If any person had locus standi to complain of any defects in Miriam Gordon’s power of attorney it was the administrators, not Felicia Essien, for the latter cannot complain, as she does in this case, when it was the very persons she is complaining for who executed the power of attorney and they have not been seen or heard to demonstrate any grievance or dissatisfaction in that regard. I have, save as I have stated above, found no legal justification for challenging the right of Miriam Gordon to collect rents from house No. 63/1, Old John Sarbah Road, Takoradi for and on behalf of the personal representatives of the late Mary Mrakpore.

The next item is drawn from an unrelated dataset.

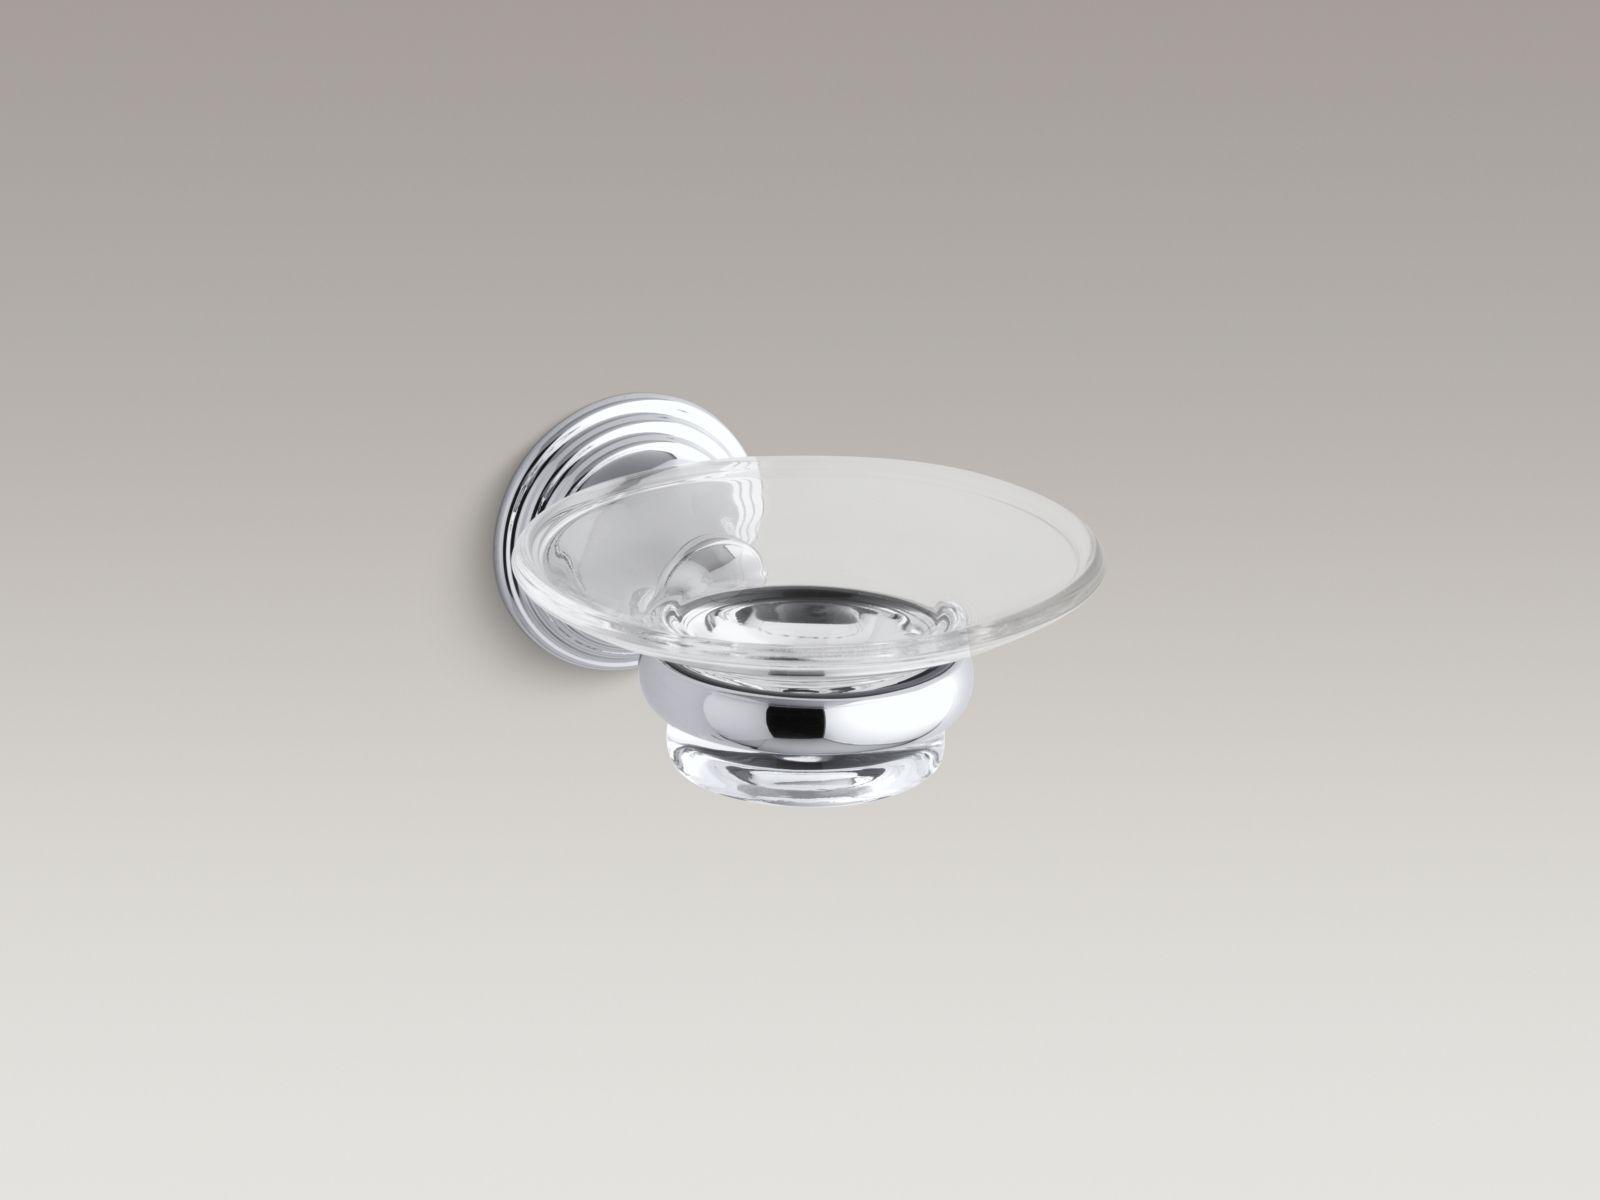 Kohler K-10560-CP Devonshire Wall-mounted Soap Dish Polished Chrome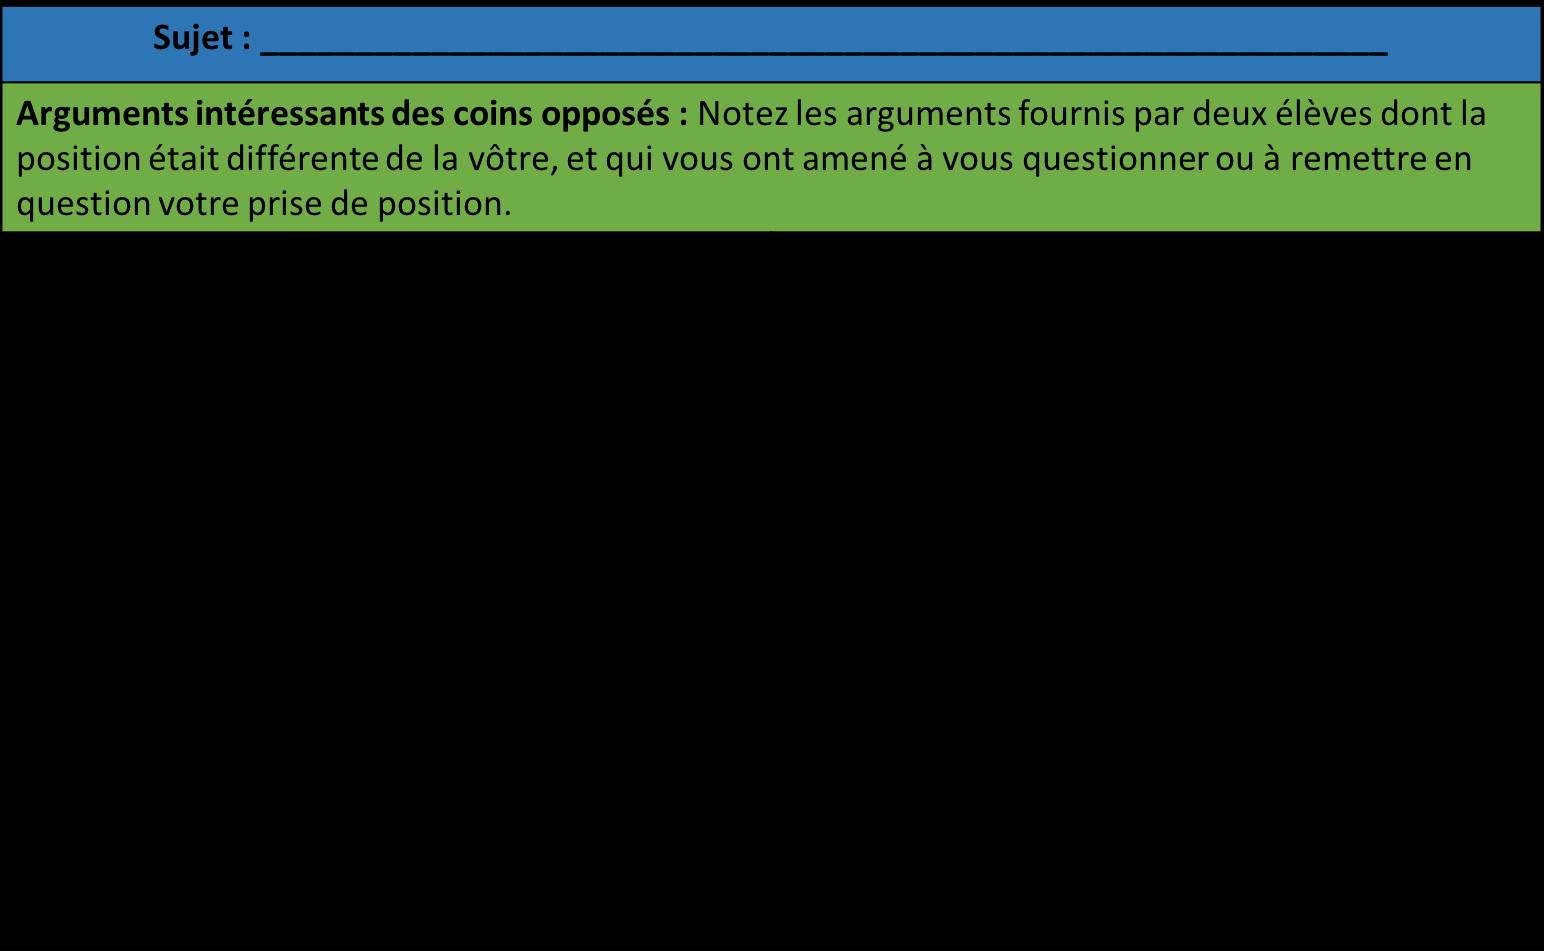 quatre_coins_arguments_opposes

For the reasons shown above, the action of Felicia Essien must fail and I hereby dismiss it. On the other hand, Miriam Gordon has made out a case that should earn her judgment which I hereby pronounce in her favour. Miriam Gordon’s costs in the two cases shall be fixed at ¢100,000. Possession of house No. 63/1, Old John Sarbah Road, Takoradi is hereby ordered to be given to Miriam Gordon. Felicia Essien is perpetually restrained from any dealings with house No. 63/1, Old John Sarbah Road, Takoradi. Felicia Essien is finally ordered to file on oath account of rents collected by her on house No. 63/1, Old John Sarbah Road, Takoradi from January 1988 to date, within two months of the date hereof.